• _GOAL OF THE EXERCISE_:
Retype the records below word for word and omit any image.

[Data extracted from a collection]
•••
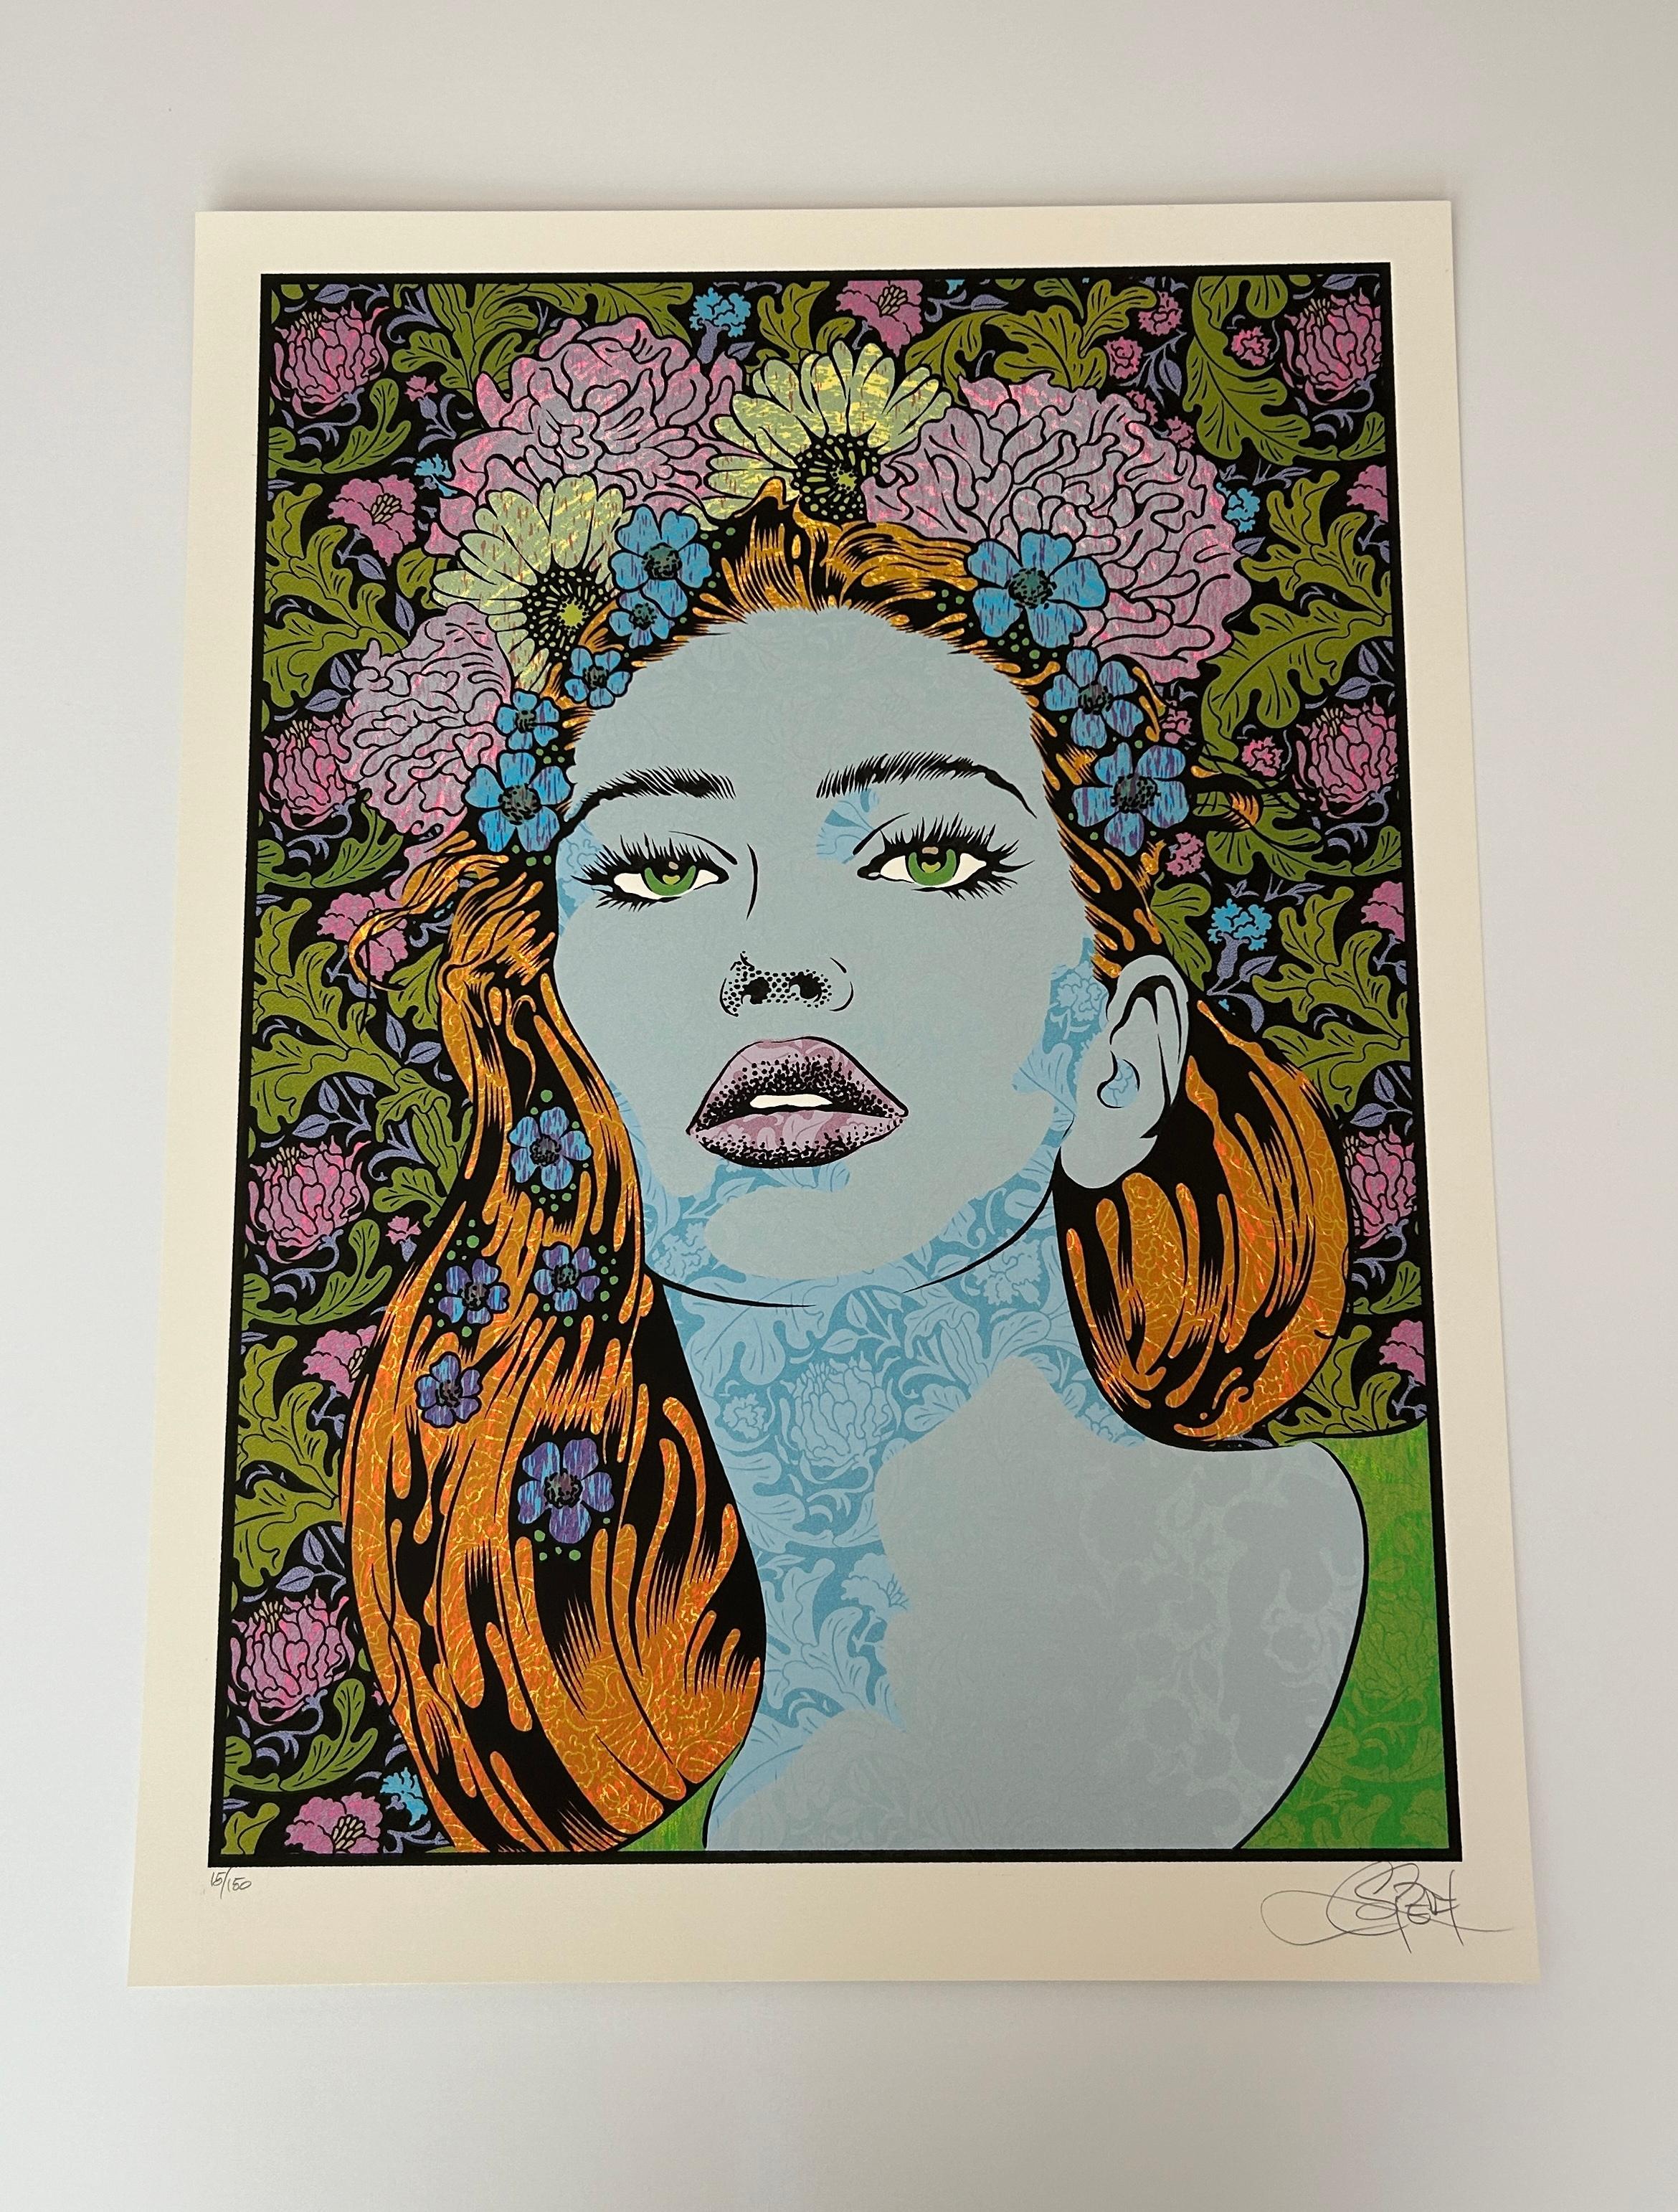 Chuck Sperry Beauty

Screenprint on cream cover paper

25.5 x 19 inches

Limited Edition out of 150

Signed by Chuck Sperry 

#15/150
•••
• _TASK RESPONSE_:
 Chuck Sperry Beauty

Screenprint on cream cover paper

25.5 x 19 inches

Limited Edition out of 150

Signed by Chuck Sperry 

#15/150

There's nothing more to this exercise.